Palm will step into the PC Expo spotlight this week in the worst shape in its history. Dogged by plummeting stock value, burgeoning inventory, layoffs and even the sale of land once planned as the site of the company's new home, the longtime leading handheld developer desperately needs to shake off numerous setbacks and prove it can focus its enterprise efforts. That daunting task, however, has many customers and industry experts questioning whether Palm has the right leader for the job.
Palm chief executive Carl Yankowski is expected to use the PC Expo forum in New York to focus on handhelds in business. But he will need to be specific to quiet the tremors shaking his company, which stem in large part from a lack of direction.
"This has got to be some kind of record," said one handheld industry executive who has worked closely with Yankowski. "It's the worst case of mismanagement I've ever seen."
Palm officials said Yankowski was unable to comment on this story due to the company being in a quiet period.
In the enterprise space, analysts said they blame Palm for not doing enough with its business partners, specifically IBM.
"They should have gotten IBM to do more," said Ken Dulaney, an analyst at Gartner. "What the heck is IBM doing? Why isn't Notes-Palm as formidable as Outlook- Pocket PC? They are letting Microsoft get away unscathed."
Microsoft, Palm's most obvious competitor, certainly has its own trouble in the mobile space. But Microsoft's Pocket PC platform remains a formidable threat. Gartner Dataquest estimates that this quarter Compaq will displace Palm as the sales leader for handhelds in terms of dollars. And Toshiba later this year is expected to release a device based on Pocket PC.
Recognising the need to better focus, Yankowski split Palm into strategic business units earlier this year, including one to concentrate on the enterprise. But that group remains without a leader.
In addition to the mixed messages in the enterprise, Palm -- and Yankowski in particular -- is being hit for early product announcements. In an effort to compete against Handspring's Visor Edge, Palm pre announced the m500 and m505 handhelds, which dried up sales of existing products.
"Yankowski shot his mouth off about new products too soon," said a former Palm executive. "And then it's one of those 'whoops, I've got a bunch of inventory' things. ... It's not unusual to miss the boat sometimes in this industry, but the degree to which things have been missed in this case seems odd."
Yankowski admitted last month that Palm will have to take a $300m (£200m) write-off because of its bloated inventory.

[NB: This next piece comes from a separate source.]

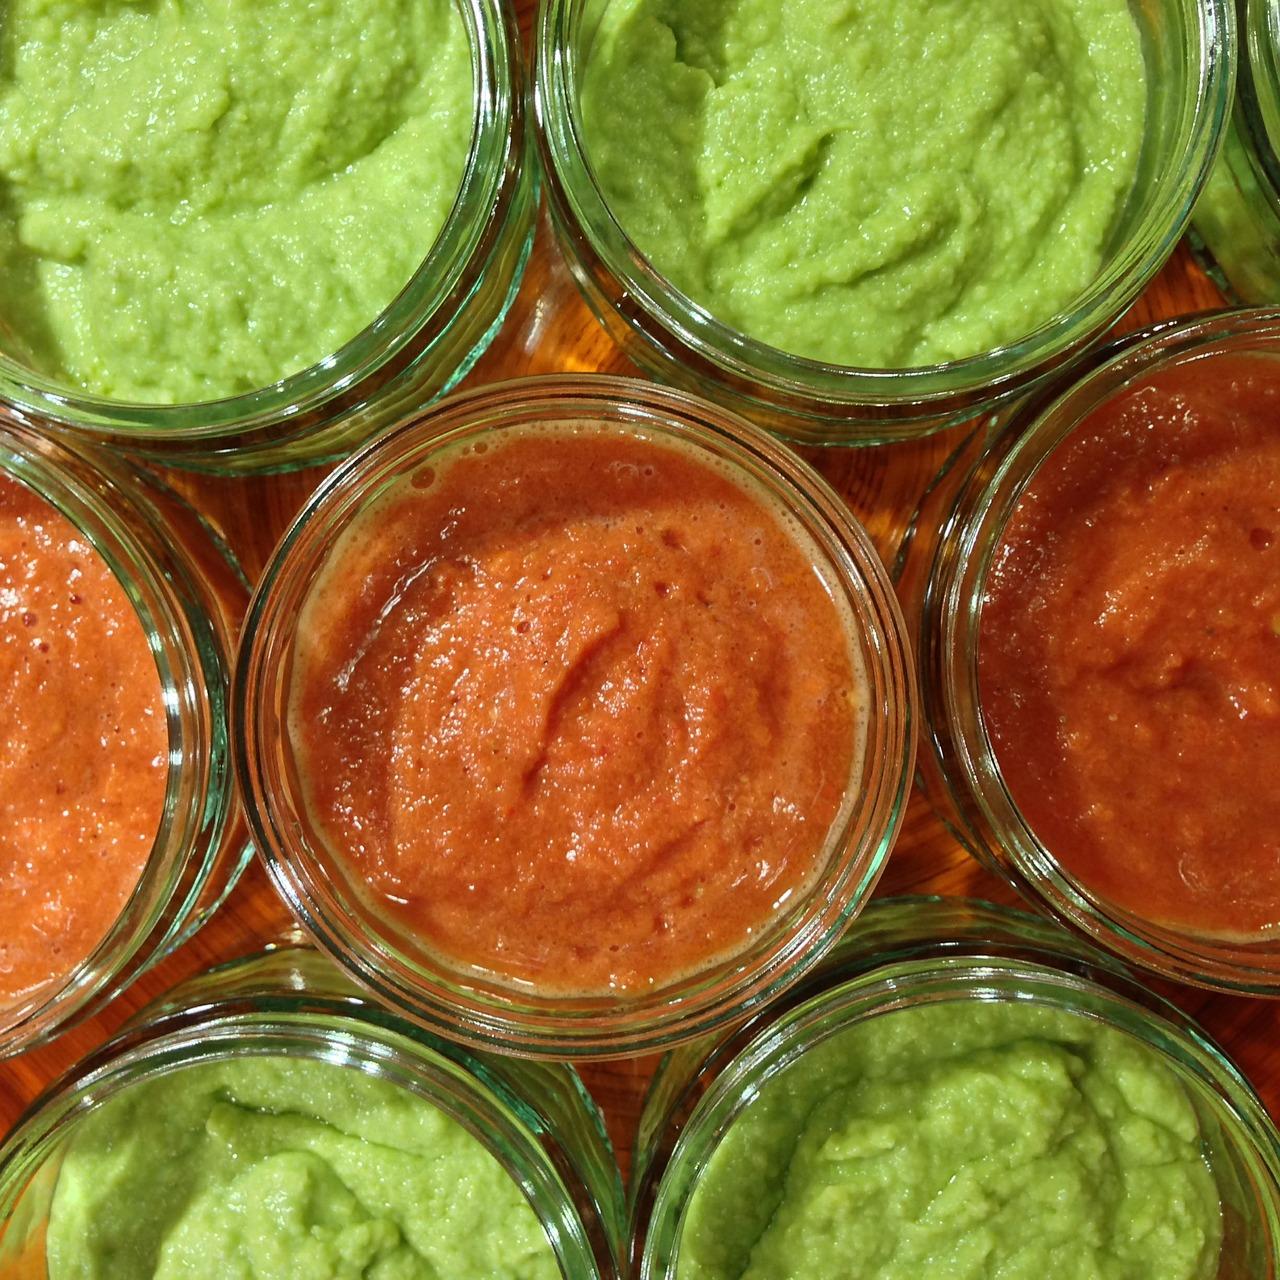 Supă rece de avocado. Foto: pixabay.com
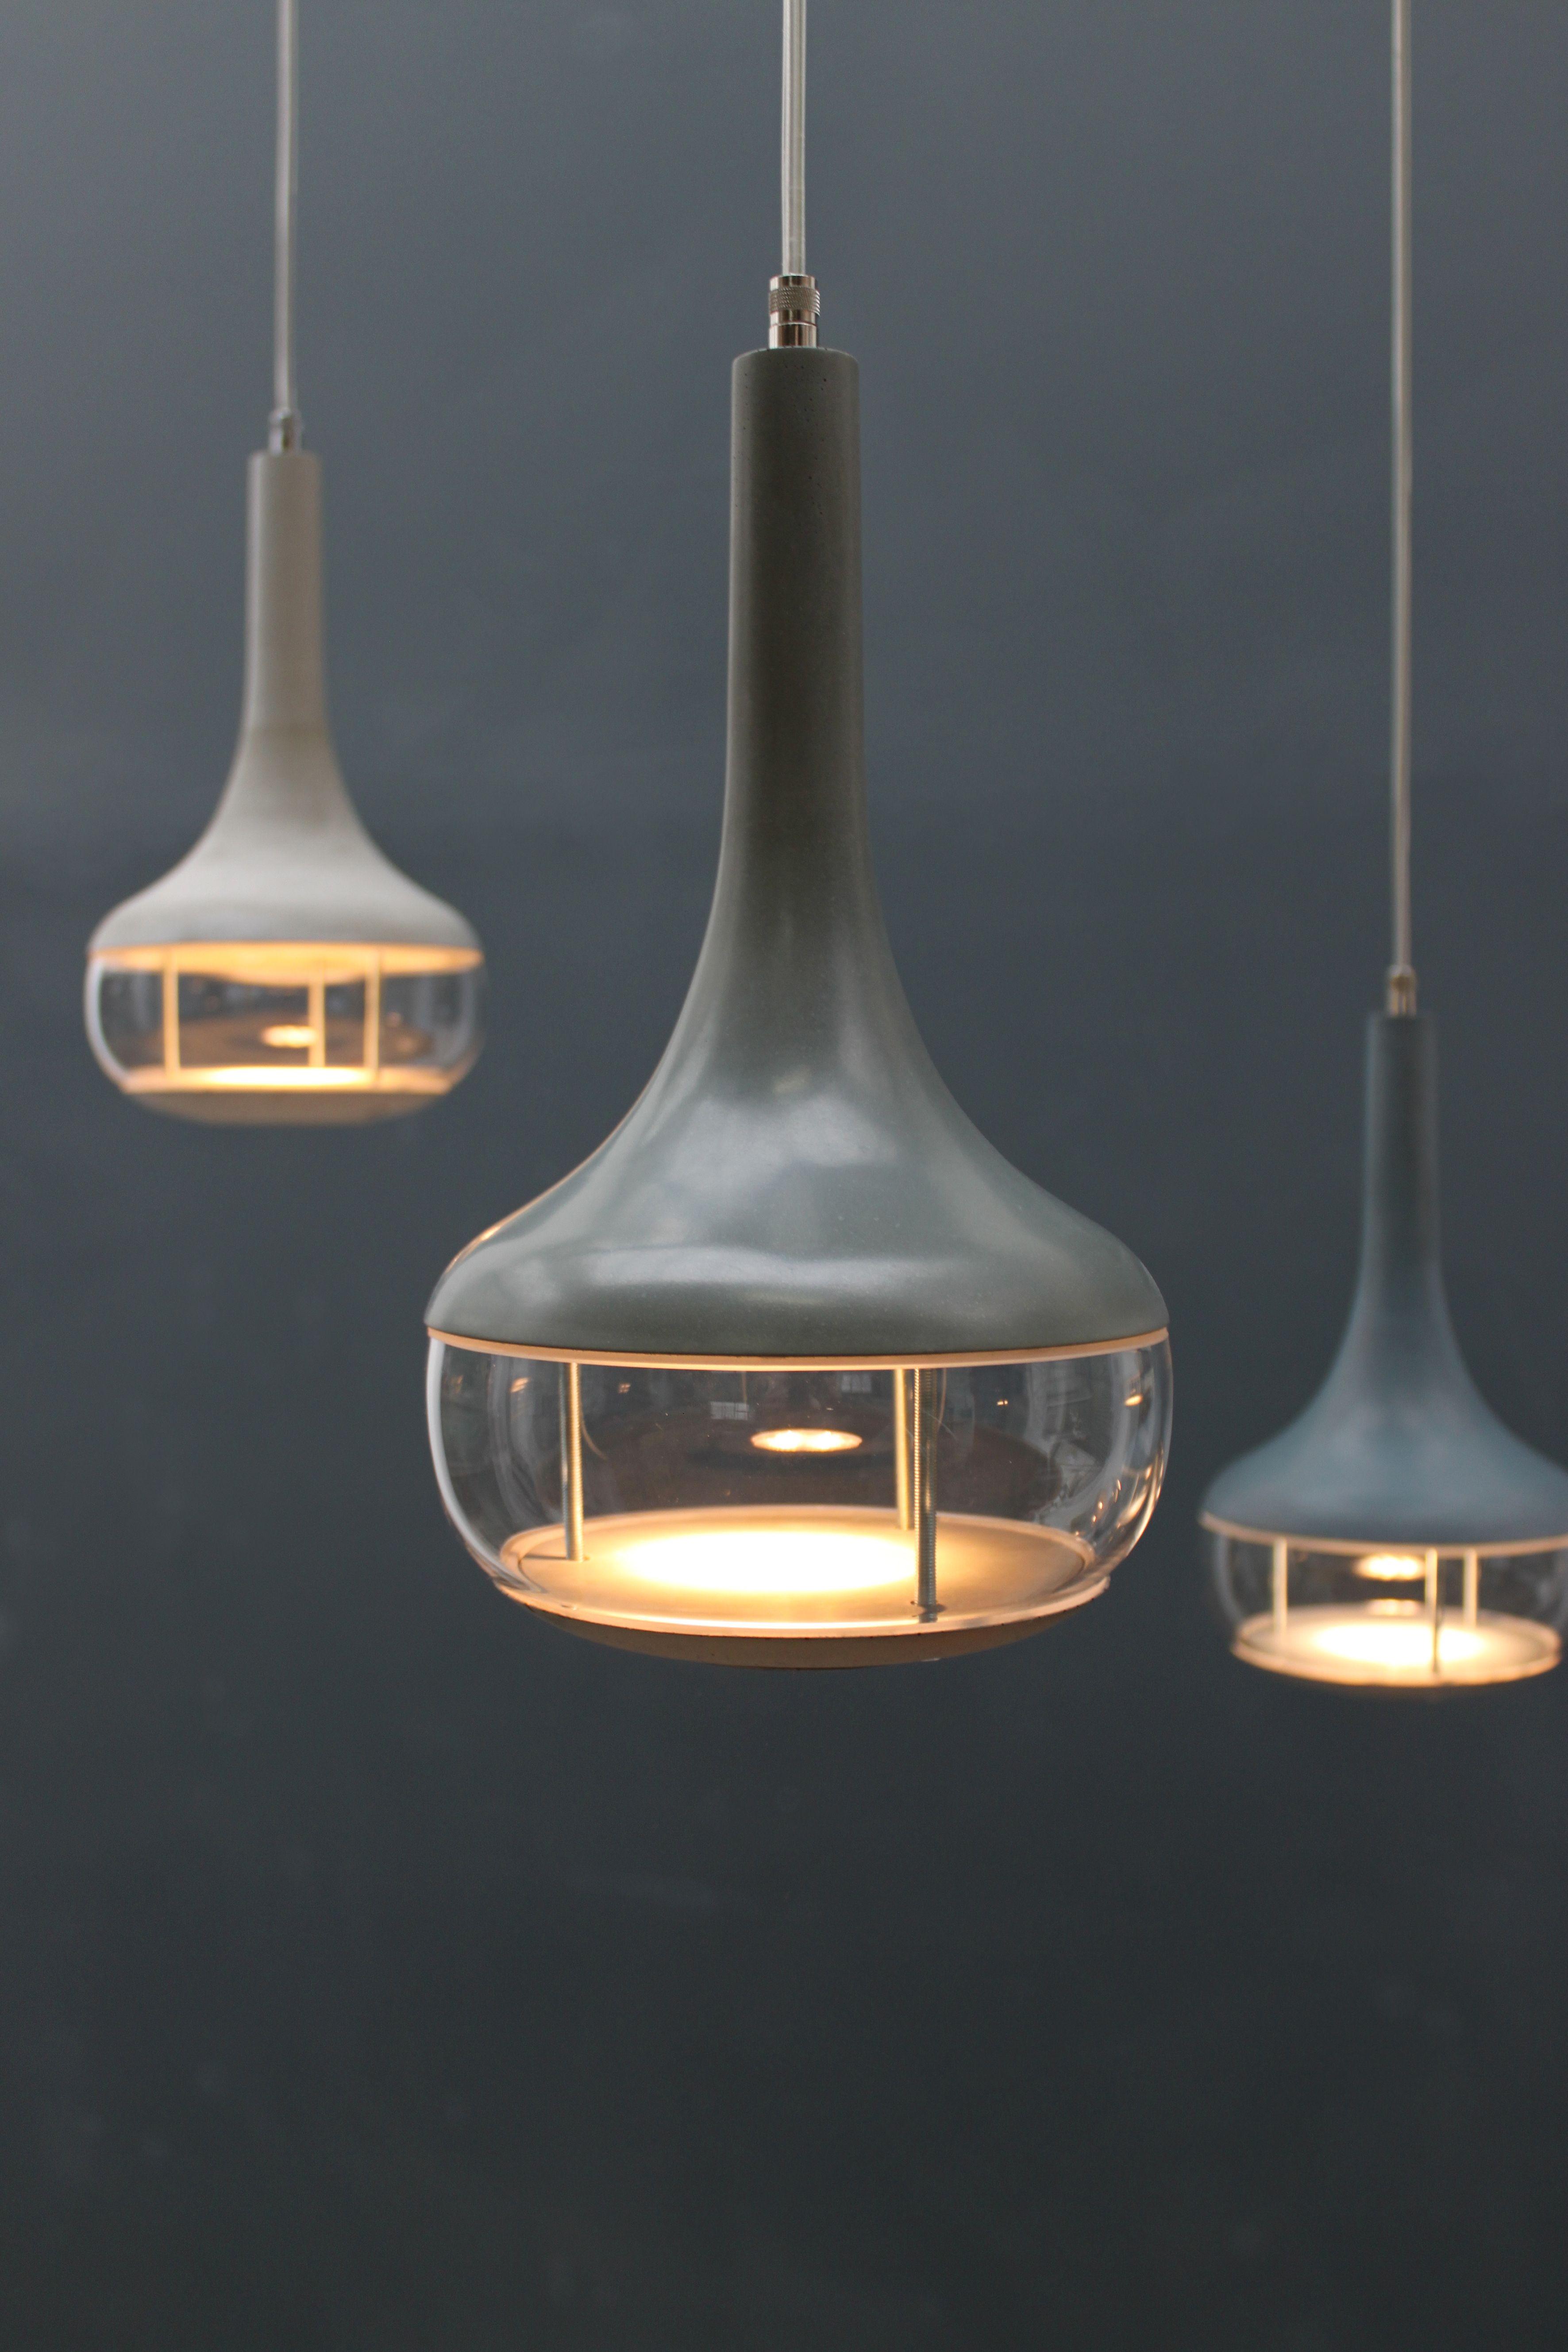 Hängeleuchte, Lamp, Lights, Leuchte, Beton, Kristallglas, Filigran ...

And the company may be too late with its next wireless personal digital assistant. Due later this year, the m700, code-named Skywalker, is supposed to be an always-on device with push e-mail functionality that will compete with the popular Research In Motion. BlackBerry e-mail device. But a report this month from The Bear Stearns Companies expressed concern that Palm may have legal trouble releasing the product because RIM recently secured a broad patent for single-mailbox integration.
The missteps, coupled with the company's tough times, have fueled questions about Yankowski's competence for the top spot at Palm.
Of course, all the blame for Palm's troubles cannot lie entirely with Yankowski.
"I would first say that the biggest mistake was Eric Benhamou of 3Com letting Jeff Hawkins and Donna Dubinsky [leave]," Gartner's Dulaney said, referring to the two founders of Palm, which was ultimately purchased by 3Com. The duo left 3Com in 1998 to form Handspring Inc. "All they wanted was to spin off the division, which [3Com Chairman and chief executive Benhamou] wound up doing a year later. ... They haven't upgraded their software. They have been preoccupied with spinning off and other things."
Benhamou, also Palm's chairman, said, " ... Let me say for the record, Carl definitely has the complete support of the board."
When Yankowski took the post in 1999, he was billed as having the right mix of marketing savvy and technical know-how, coming off stints at Reebok International, Sony, Memorex, General Electric Co. and Pepsi-Cola. He also sported an electrical engineering degree from the Massachusetts Institute of Technology. But since coming to Palm, Yankowski, insiders said, has spent little time in the company's California headquarters. He doesn't live on the West Coast most of the time, and he has little to do with day-to-day operations, they said.
Many who have worked with him say his scattered résumé is a sign of habitual ineffectiveness.
One former Reebok executive said the shoe company under Yankowski "was going nowhere fast. He knew nothing about the footwear industry. ... He got a great exit package because they wanted to get rid of him. The Peter Principle in action if I have ever seen it."
In speculating about Yankowski's keynote at PC Expo this week, "The only thing I can say is that I hope he is positive about the future for Palm, doesn't call the Palm VII a lump of coal, as he's done in the past," said Nathanial Freitas, chief technology officer of Thin AirApps Inc., a New York company that provides wireless access from the Palm VII to myriad office applications.
In addition to releasing the new wireless Palm and a new version of the Palm operating system by the end of the year, Yankowski has hinted about how he might turn Palm around. On the top of the list is splitting its hardware and software divisions into two companies, but he has not said when that might happen.